Recordkeeping for someone with power of attorney or guardianship

| Apr 7, 2020 | Firm News

If someone named you as their financial power of attorney or if the court appointed you as guardian to an adult who cannot provide for their own needs, you have a lot of responsibility. Not only do you have to continue to manage your own affairs, but you will have to make necessary financial transactions on behalf of another adult.

Your obligations could range from paying mortgage, taxes and utilities to liquidating assets in order to cover the costs of medical care or a room in a nursing home. Regardless of what financial obligations you perform on behalf of someone else, it is of critical importance that you keep very careful financial records.

Document every transfer, payment and distribution, regardless of how small

At first glance, the $20 you take from the household bank account to pay the neighbor who mows the lawn may not seem significant, but that money adds up over the course of the summer. While it may only be a few hundred dollars, that is a few hundred dollars unaccounted for in the situation where you have a fiduciary duty as a guardian or agent.

Fiduciary duty involves an obligation of trust between you and the person on whose behalf you act. Essentially, you have a legal obligation to act in their best interest, not your own. If you can’t prove that you didn’t pocket the money you used to pay for lawn care, you could wind up having your position as guardian challenged or facing financial consequences from family members or even the individual whom you were acting to protect.

What kind of documentation do you want to keep?

Having multiple forms of documentation for each expense is ideal if possible. Bank statements, credit card statements and similar documents from financial institutions can verify the balance of the account and where you used funds. Billing statements from companies and the receipts they provide are also of critical importance.

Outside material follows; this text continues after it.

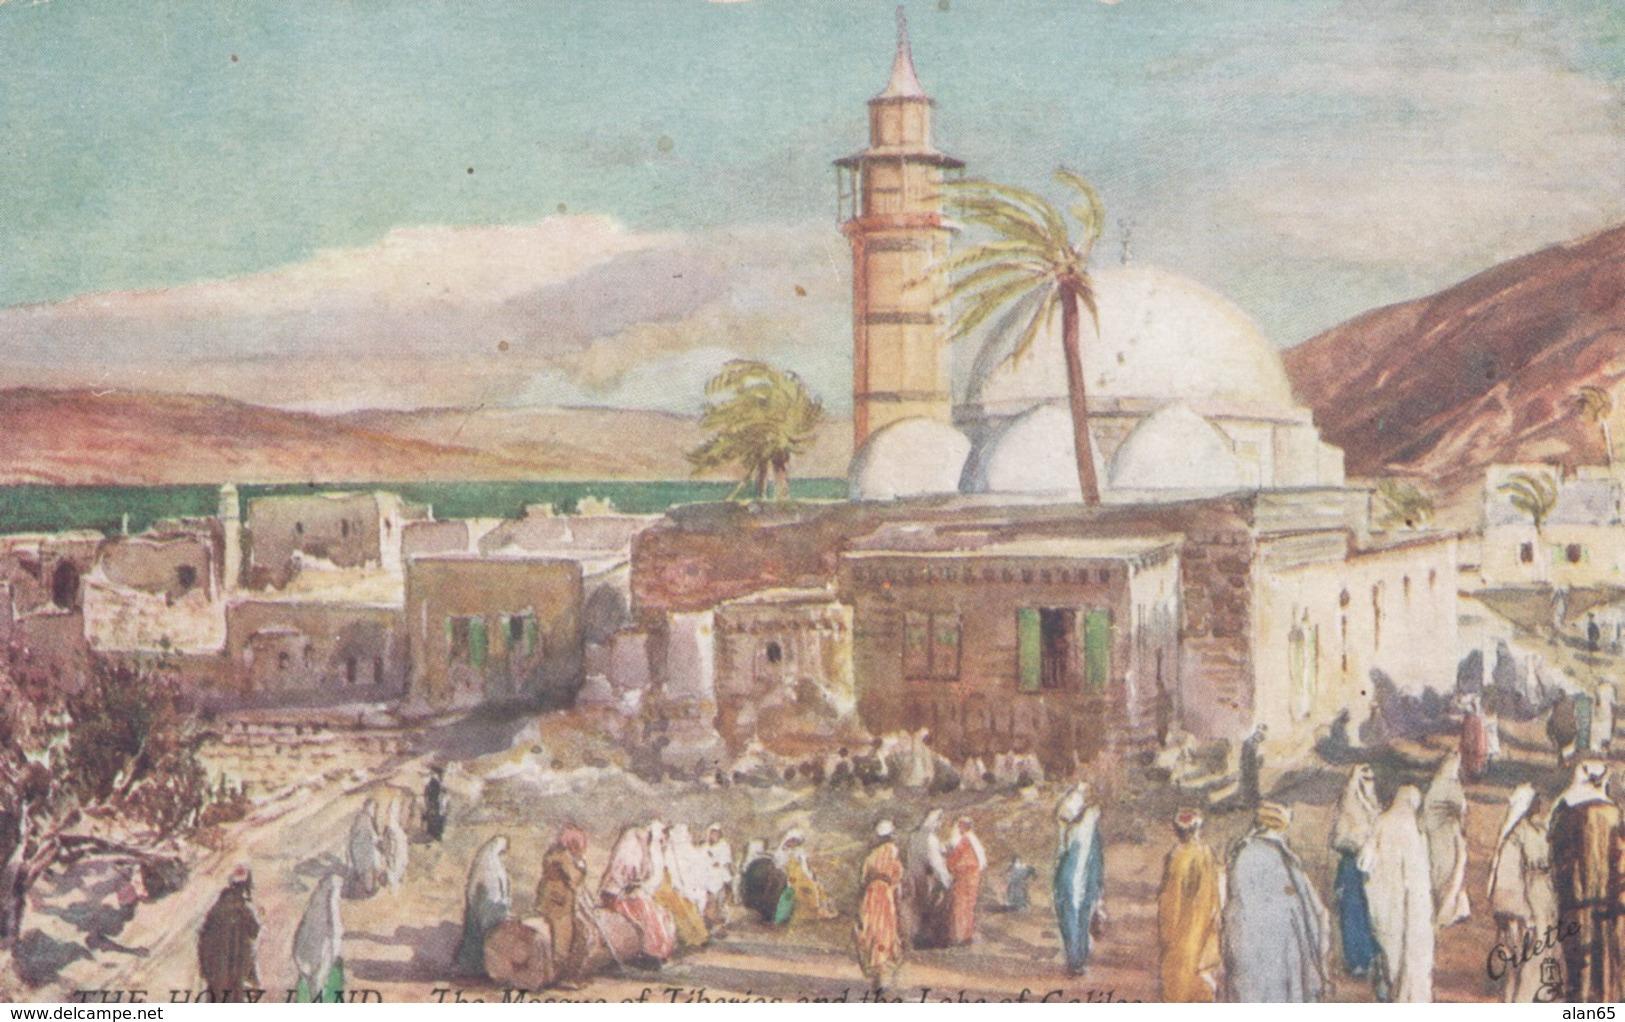 Tiberias Israel, The Mosque Of Tiberias And Lake Of Galilee, 1900s/10s Vintage Tuck Holy Land Series III #7310 Postcard - Israel

For situations like the aforementioned neighborhood lawn care entrepreneur, getting a receipt book from an office supply store and having the young person sign a receipt acknowledging their payment of $20 each week will give you a trail of documentation that verifies you spent funds as required to maintain the household or as requested by the person on whole behalf you act. Reviewing the documents and going over the transactions you’ve made annually can help you avoid mistakes and oversights.

It is always better to have more documentation and records than you need than to not have adequate receipts when the time comes. Careful recordkeeping can validate that you have always acted in the best interests of the other party and upheld your fiduciary duty.